Asymptotes
Find the vertical asymptote of this rational function by setting its denominator to #0# and solving for #x#.
Let #x-1=0#
#x=1#
Which means that there's a vertical asymptote passing through the point #(1,0)#.
*FYI you can make sure that #x=1# does give a vertical asymptote rather than a removable point of discontinuity by evaluating the numerator expression at #x=1#. You can confirm the vertical asymptote if the result is a non-zero value. However if you do end up with a zero, you'll need to simplify the function expression, remove the factor in question, for example #(x-1)#, and repeat those steps. *
You may find the horizontal asymptote (a.k.a "end behavior") by evaluating #lim_{x to infty}4/(x-1)# and #lim_{x to -infty}4/(x-1)#.

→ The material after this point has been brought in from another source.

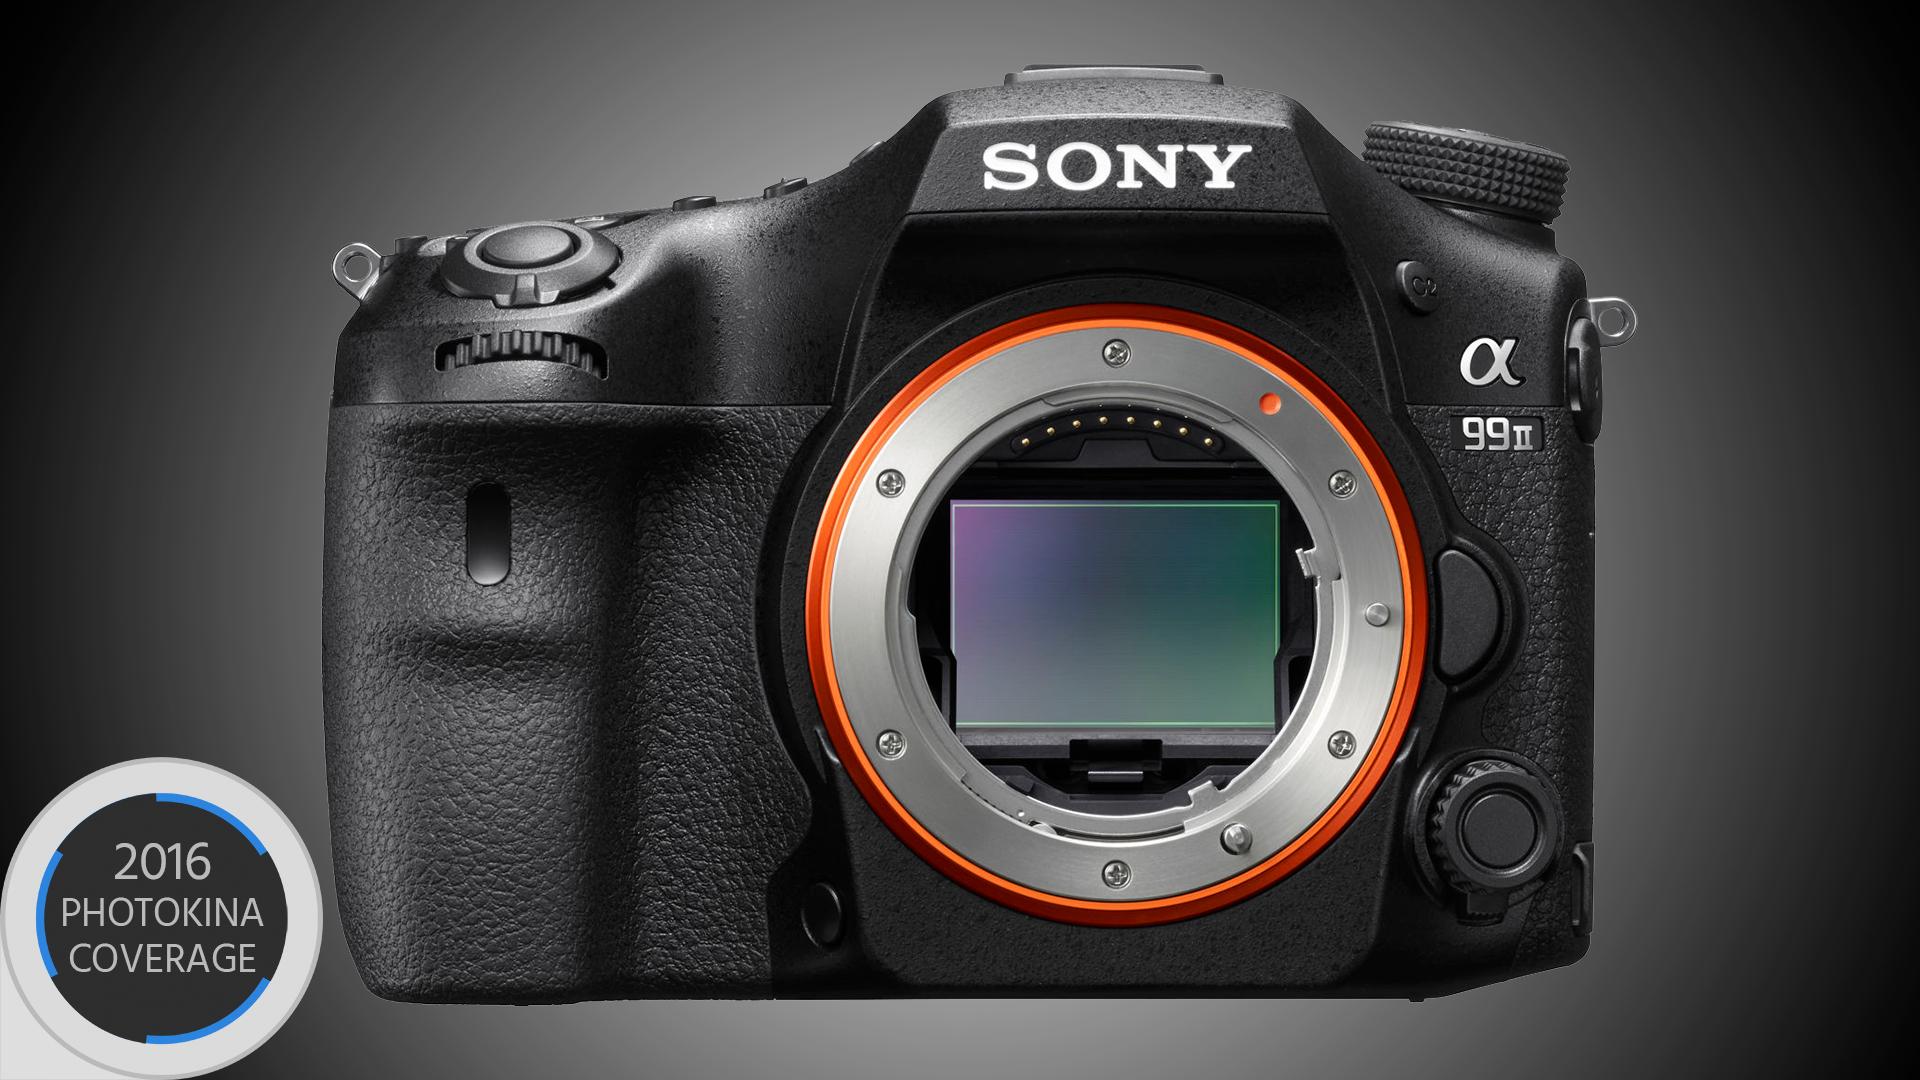 ソニーα99IIを発表 - フラグシップDSLR 4K撮影機能も搭載

If you haven't learned limits yet, you'll still able to find the asymptote by plugging in large values of #x# (e.g., by evaluating the function at #x=11#, #x=101#, and #x=1001#.) You'll likely find that as the value of #x# increase towards positive infinity, the value of #y# getting closer and closer to- but never reaches #0#. So is the case as #x# approaches negative infinity.
By definition , we see that the function has a horizontal asymptote at #y=0#
Graph
You might have found the expression of #y=1/x#, the #x#-reciprocal function similar to that of #y=4/(x-1)#. It is possible to graph the latter based on knowledge of the shape of the first one.
Consider what combination of transformations (like stretching and shifting) will convert the first function we are likely familiar with, to the function in question.
We start by converting
#y=1/x# to #y=1/(x-1)#
by shifting the graph of the first function to the right by #1# unit. Algebraically, that transformation resembles replacing #x# in the original function with the expression #x-1#.
Finally we'll vertically stretch the function #y=1/(x-1)# by a factor of #4# to obtain the function we're looking for, #y=4/(x-1)#. (For rational functions with horizontal asymptotes the stretch would effectively shifts the function outwards.)